One of the important parameters of the mathematical model of bioheat transfer is undoubtedly the perfusion coefficient because the flowing blood acts as a heat sink. The level of tumor perfusion varies drastically depending on the type of tumor, and the value G_B = 0.0053 1/s used for calculations (cf. Table 1) is only one of the possibilities [8,50]. Therefore, it is important to examine the impact of this parameter on the obtained results of calculations. For this purpose, different values of perfusion coefficient appropriate for normoperfusion (G_B = 0.0053 1/s), hypoperfusion (G_B = 0.00265 1/s), and hyperperfusion (G_B = 0.0106 1/s) were adopted. The above values for hypo- and hyperperfusion were obtained by twice decreasing and increasing the reference value of the G_B parameter, respectively. Figure 13 and Figure 14 present the temperature history and the course of the Arrhenius integral at point P₄ (cf. Figure 3b), in which, due to its location, the changes are best observed.

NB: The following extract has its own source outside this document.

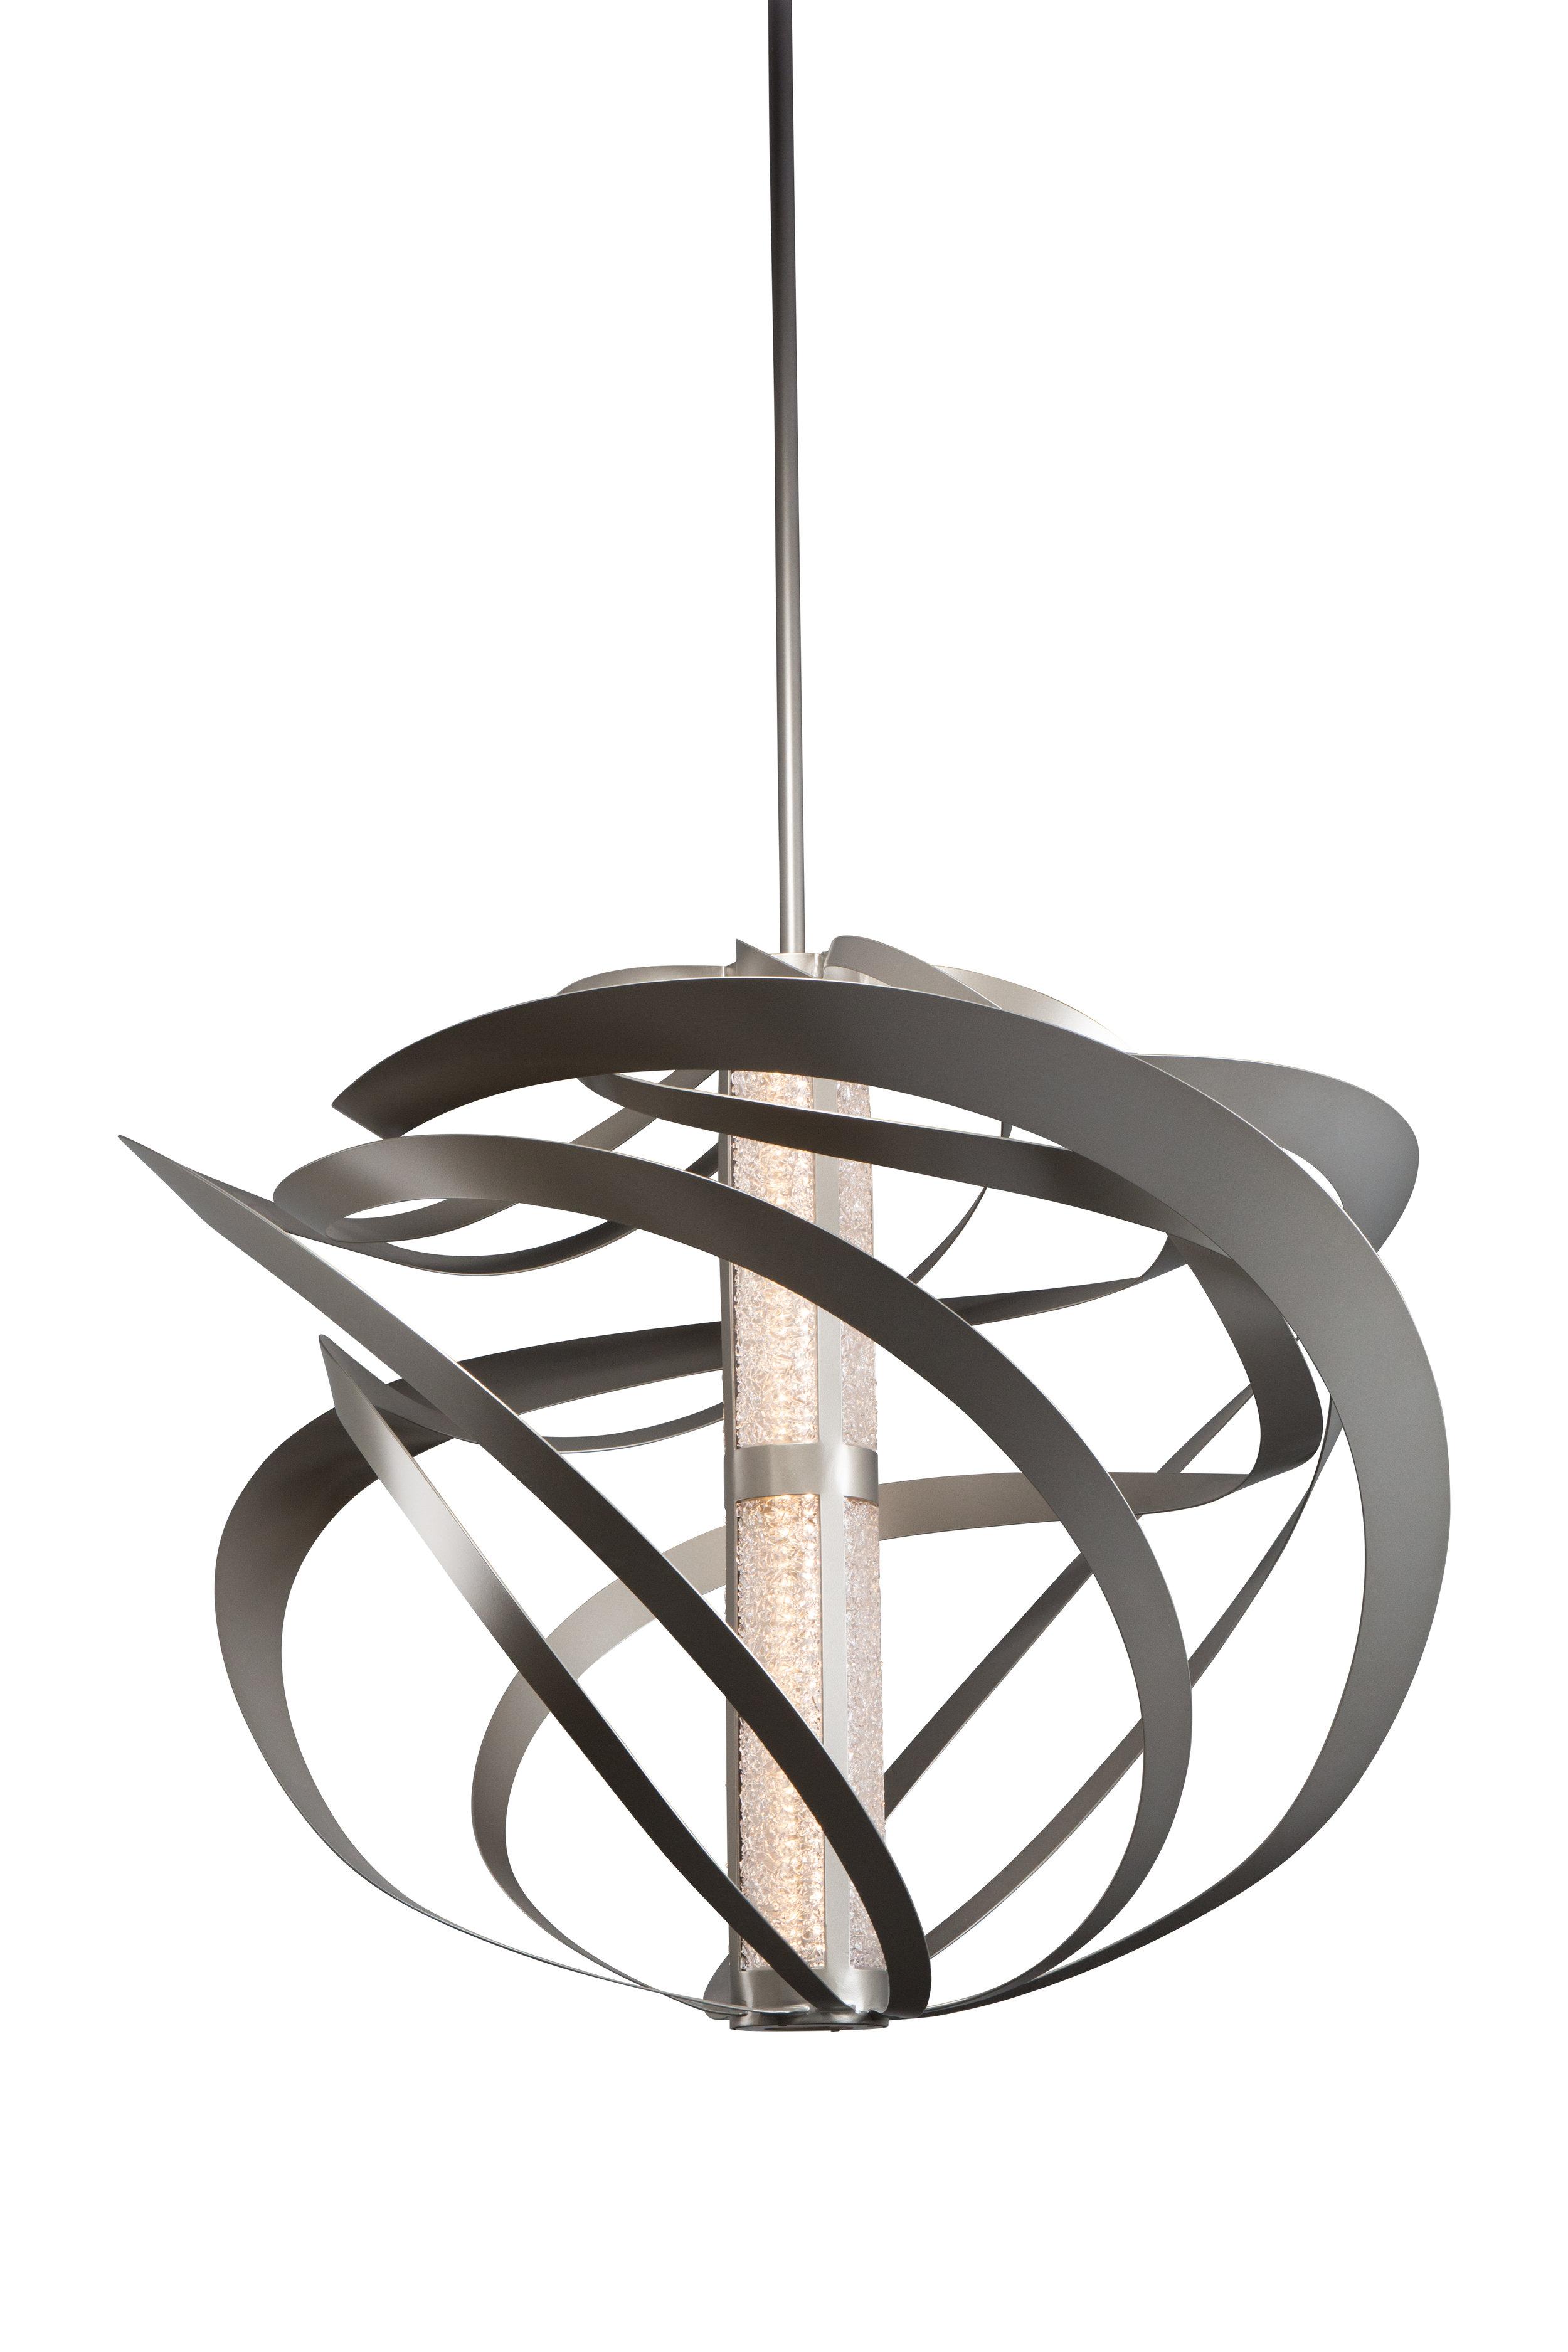 "A 48"" diameter design of LA2115, with a Rimelight glass diffuser. Custom design #CU-LA2115-17A-B"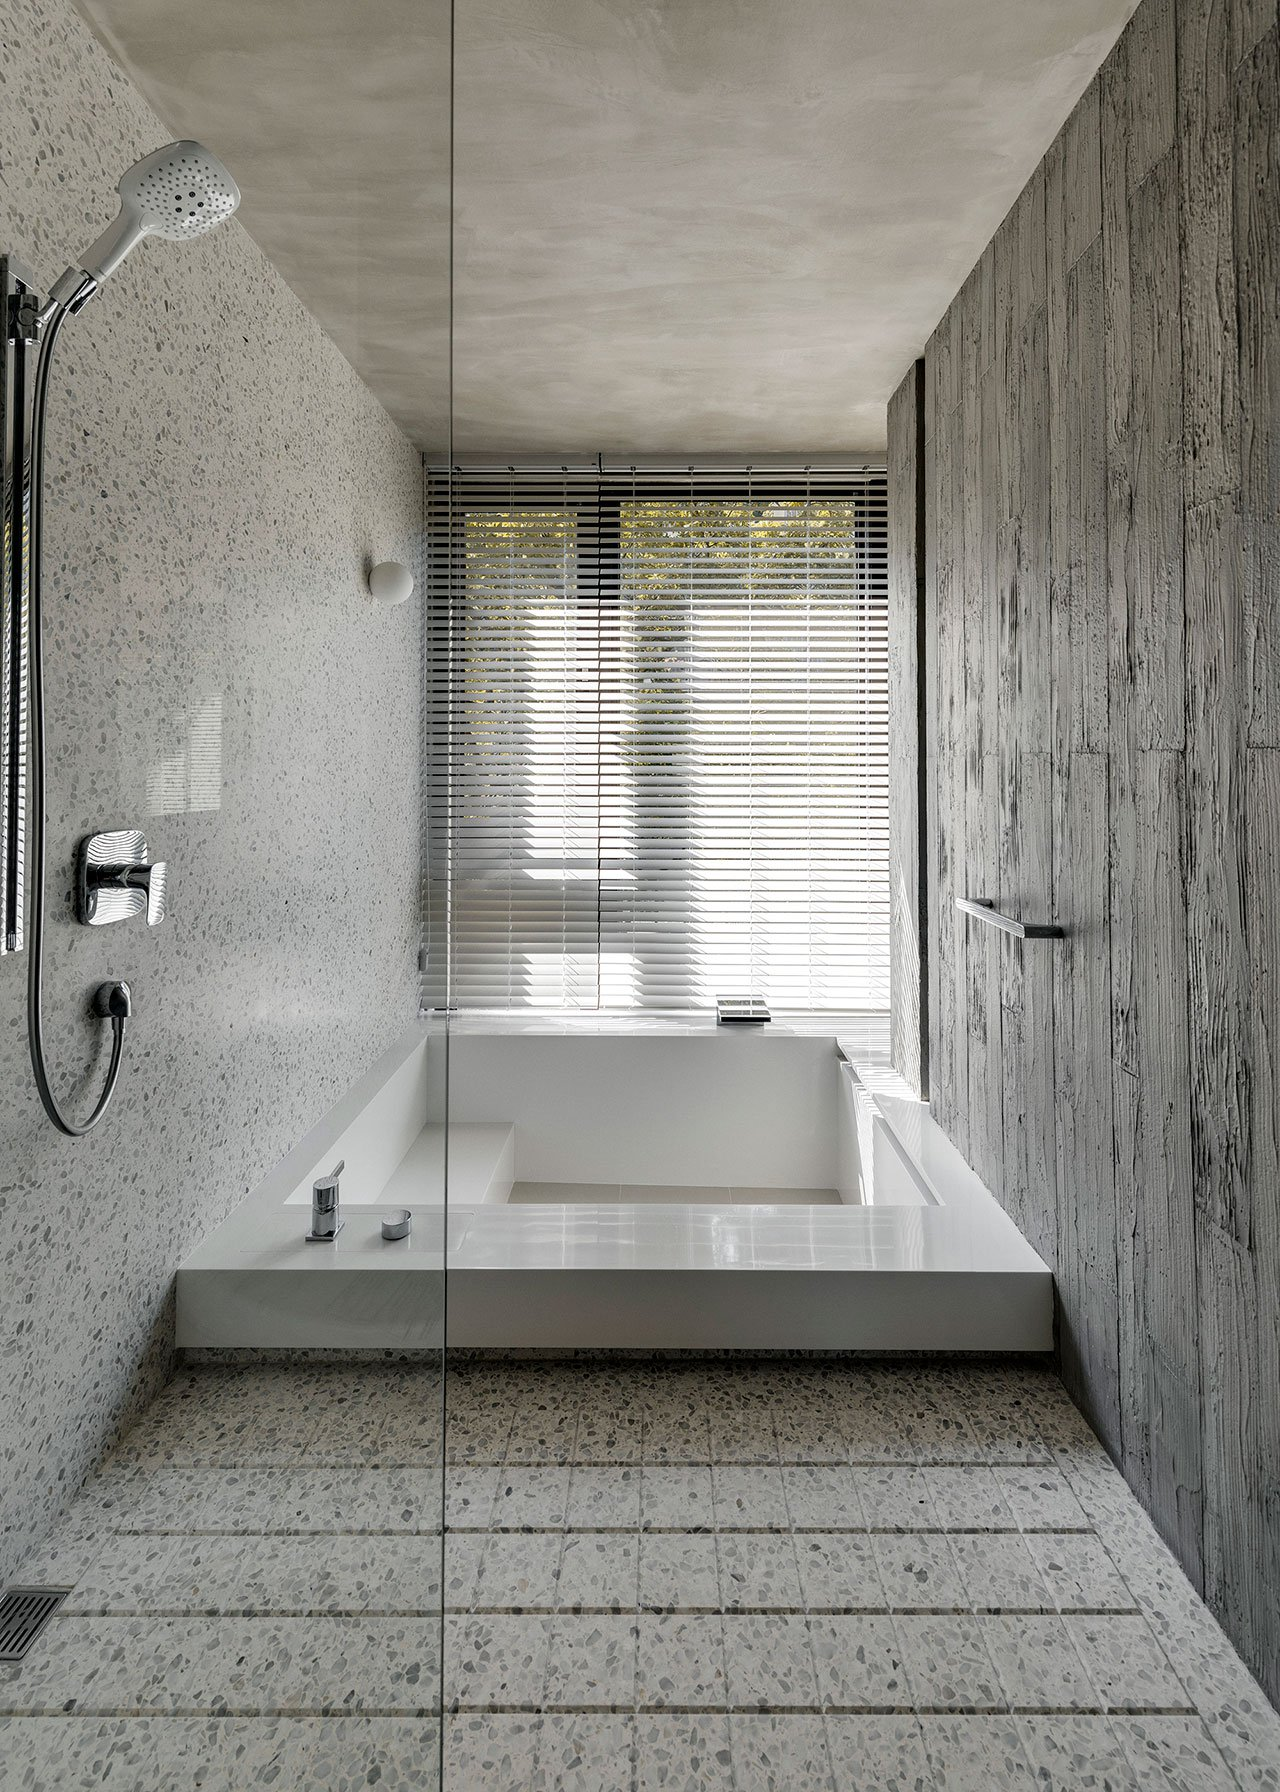 minimalist bathroom design with a sunken bathtub

As could be expected, an increase of the perfusion coefficient caused a decrease of temperature during the numerical simulation of the thermoablation phenomenon (see Figure 13). The opposite situation occurred when the G_B coefficient decreased and then the temperature increased. Changes in temperature distribution (cf. Figure 13) are also reflected in the course of the Arrhenius integral (cf. Figure 14). The above simulations indicate the importance of proper selection of parameters values occurring in the mathematical model.